Danach ist der Besuch einer Familie geplant. In dem kleinen Häuschen ist es schön warm und man lässt sich in der Runde nieder, wo Tee serviert wird. Nun hat Heidi aber noch einen Spruch aus Aegypten im Kopf: "Geh mir weg mit Malventee", wobei auf den drohenden Fluch der Pharaonen hingewiesen wurde. Sie möchte also lieber draußen warten. Bis ich mich auch rausgedrängelt habe, ist sie auf der Suche nach dem Bus schon außer Sicht. Das kann ja heiter werden, denn hier verläuft man sich schnell, kalt und dunkel ist es auch schon. Man findet sich aber wieder, und bei der Gelegenheit wird noch eine Handvoll Uhren von einem Straßenverkäufer erworben, alles Gucci und Rolex bzw. Lolex. Bis unsere Gruppe vom Teebesuch wieder erscheint, sind wir gründlich durchgefroren.

Das letzte Abendessen findet in einem Restaurant in der Nähe des Olympiageländes statt. Leider geht alles normal wie immer vonstatten und es nichts besonderes dabei. Am Ende sind wir froh, nach dem Überwinden der Blechlawinen für die letzte Nacht im Holiday Inn Hotel abgeladen zu werden. Eine heiße Badewanne kann man heute genau so gut gebrauchen, wie schon gestern.

Rückreise, Mo. 16.11.

Peking erwartet an diesem Tag die Air Force Number One mit Inhalt zu einem Staatsbesuch. Da sei die Zufahrt zum Flughafen zeitweise gesperrt. So müssen wir eine Stunde früher raus. Das ist auch nötig, weil die Fahrt zum Flughafen sich bei dem Verkehrsaufkommen wieder verzögert. Nun müssen wir uns von unserem Führer Lei verabschieden, den wir in diesen drei Tagen geradezu lieb gewonnen haben. Alles weitere mit dem Einchecken und der Sicherheitskontrolle läuft normal ab und wir sitzen pünktlich im Flieger. Der hat aber noch keine Starterlaubnis, weil womöglich eine Person, die Schwierigkeiten mit der Einreise habe, wieder mit zurück genommen werden müsse. Darüber vergeht nun wieder eine Stunde, die wir als Verspätung mitbringen werden und damit die geplanten Anschlussverbindungen in Deutschland nicht mehr erreichen werden.

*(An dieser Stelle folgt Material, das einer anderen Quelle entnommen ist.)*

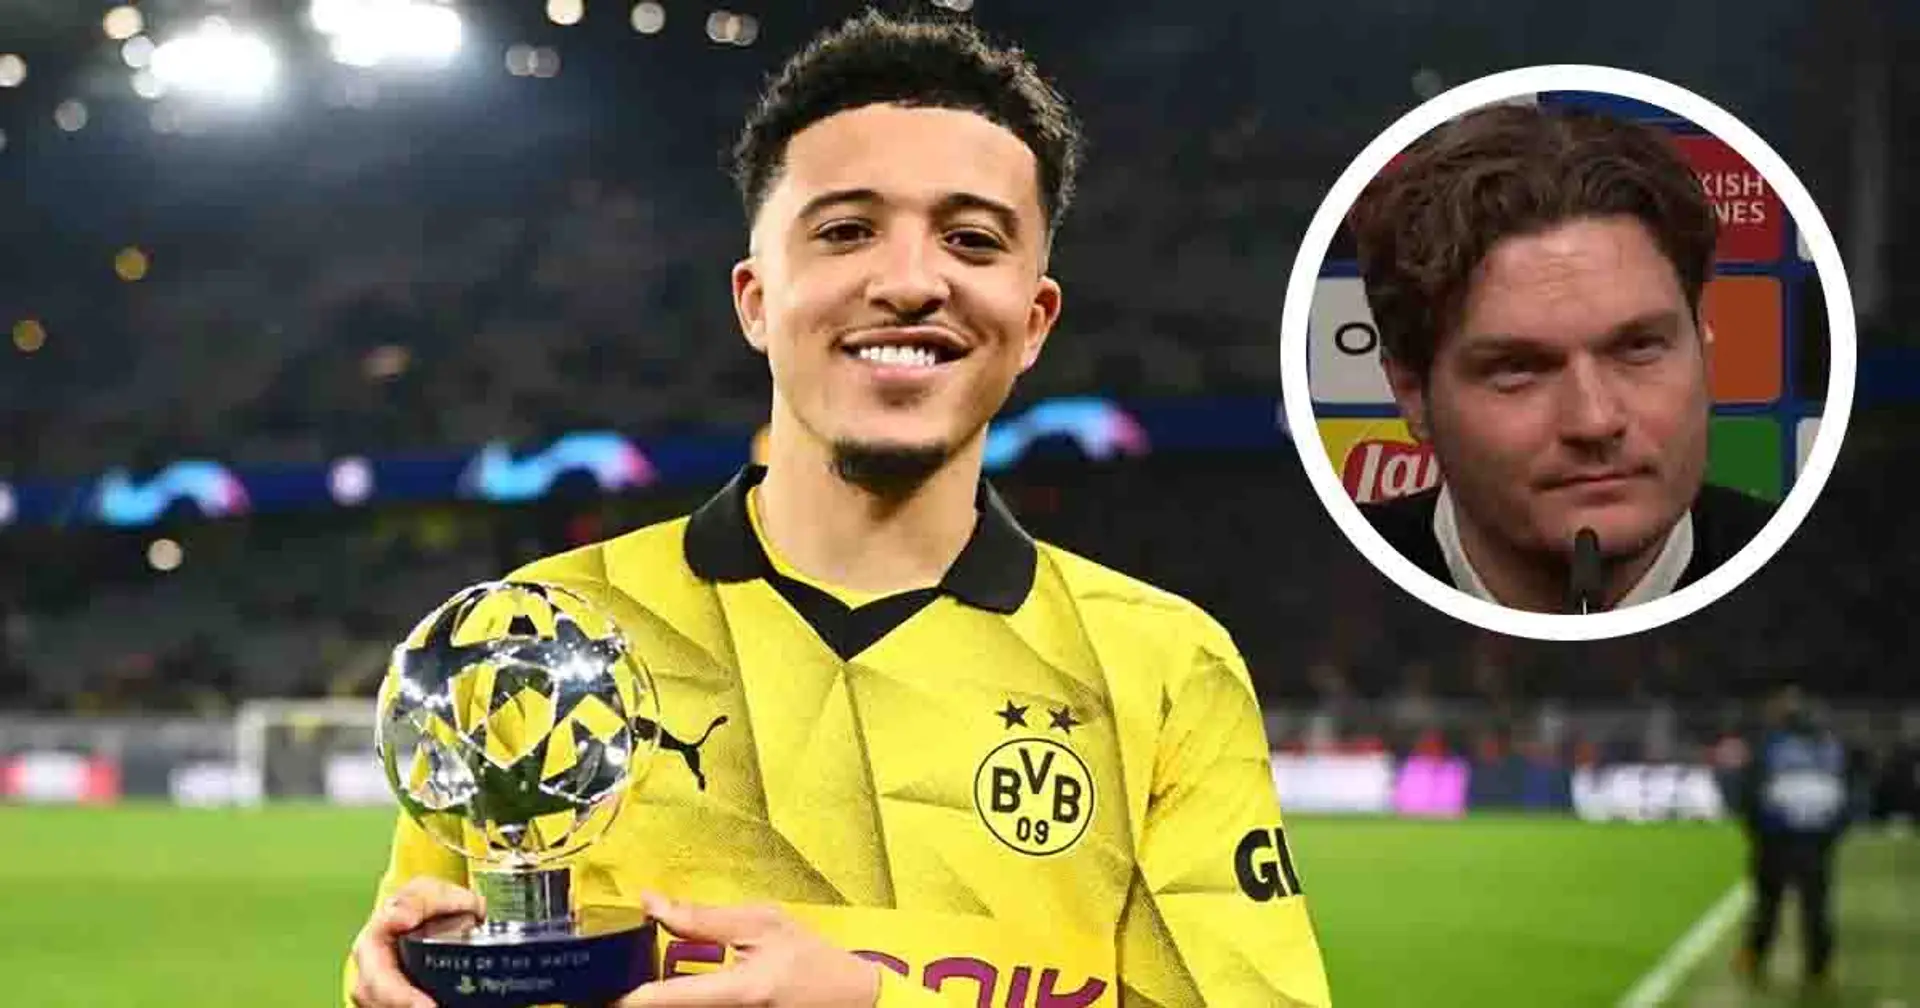 'A player that needs to smile': Borussia Dortmund coach gives verdict in Sancho after UCL heroics
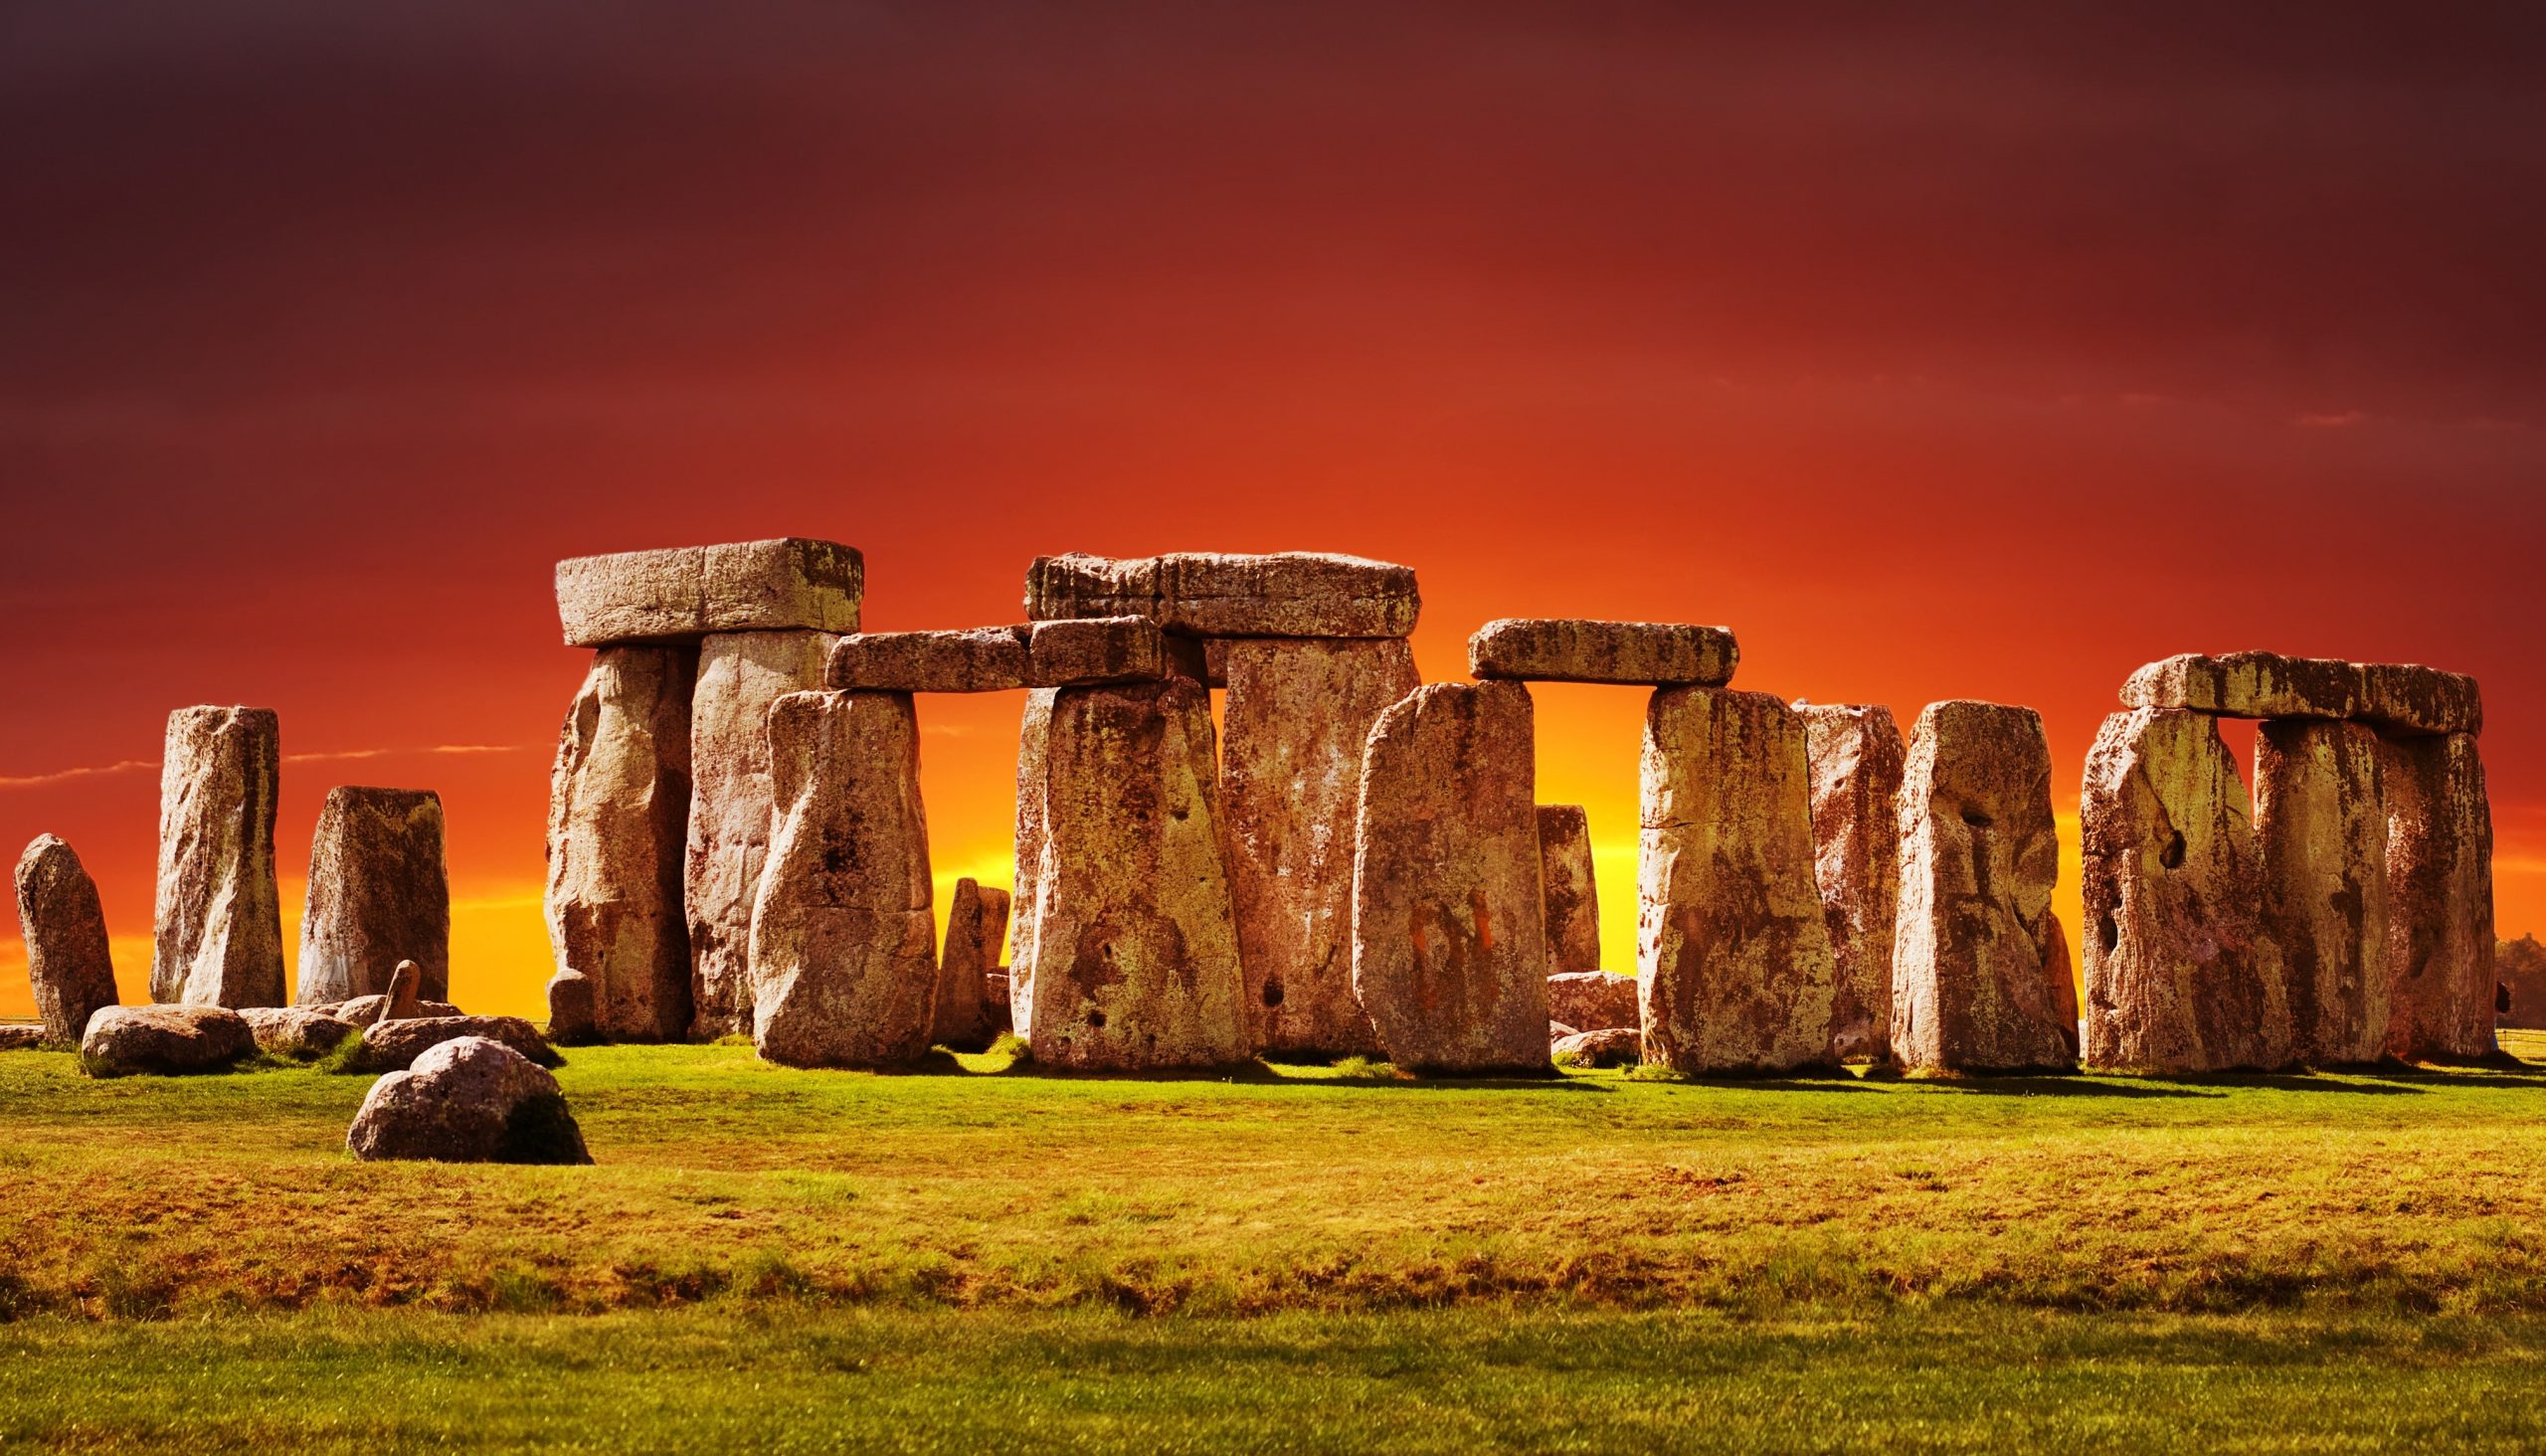 Stonehenge might have been used as a calendar in ancient times. Credit: DepositPhotos

Zu guter letzt müssen die 10 Stunden Flugzeit überstanden werden. Mein Fensterplatz nützt nichts, es ist durchweg wolkig. Als wir uns etwa über den Baltischen Staaten befinden, ereignet sich noch ein Unfall, als ein Teilnehmer unserer Gruppe ein Unwohlsein und damit verbundenen unglücklichen Sturz erleidet. Er muss ärztlich versorgt werden und in Frankfurt vom Notdienst übernommen werden. Das trübt natürlich die Stimmung.

An der Zollkontrolle wird das Ehepaar vor uns einer gründlichen Kontrolle unterzogen. Die Koffer werden gründlich inspiziert. Aber man hat wohl weder billige Uhren oder gar Rohopium gebunkert. Wir werden durchgewunken, und erst hier fällt uns ein, dass wir mit den Gucci und Lolex Exemplaren womöglich Schwierigkeiten bekommen hätten. So aber können wir beruhigt im Frankfurter Hbf in einen ICE einsteigen, der uns direkt nach Braunschweig bringt, wo uns unser Schwiegersohn am Bahnhof erwartet.

Zu Hause angekommen sind wir fast 23 Stunden unterwegs gewesen. Nicht nur wegen der Müdigkeit fällt es schwer, die durchweg überwältigenden Eindrücke dieser Reise auf Reihe zu bringen. Eine Erholung konnte es nicht sein, eine Erkältung haben wir uns auch eingefangen. Aber was man gesehen und vor allem gelernt hat, dass muss nun erst einmal verarbeitet werden. Und das ist hiermit geschehen.

Am nächsten Tag steht in der Zeitung, dass das Treffen unseres geschätzten US-Präsidenten Barrack Obama mit der chinesischen Staatsführung in Peking auf einer gleich frostigen Ebene wie das derzeitige Klima dort verlief. Es ging um Menschenrechte, Umwelt- und Klimaschutz. Themen, die in der unseligen Bush-Ära nur eine untergeordnete Rolle spielten.

So bleibt doch der Eindruck:  Noch ist nicht alles Gold, was glänzt - im Reich der Mitte!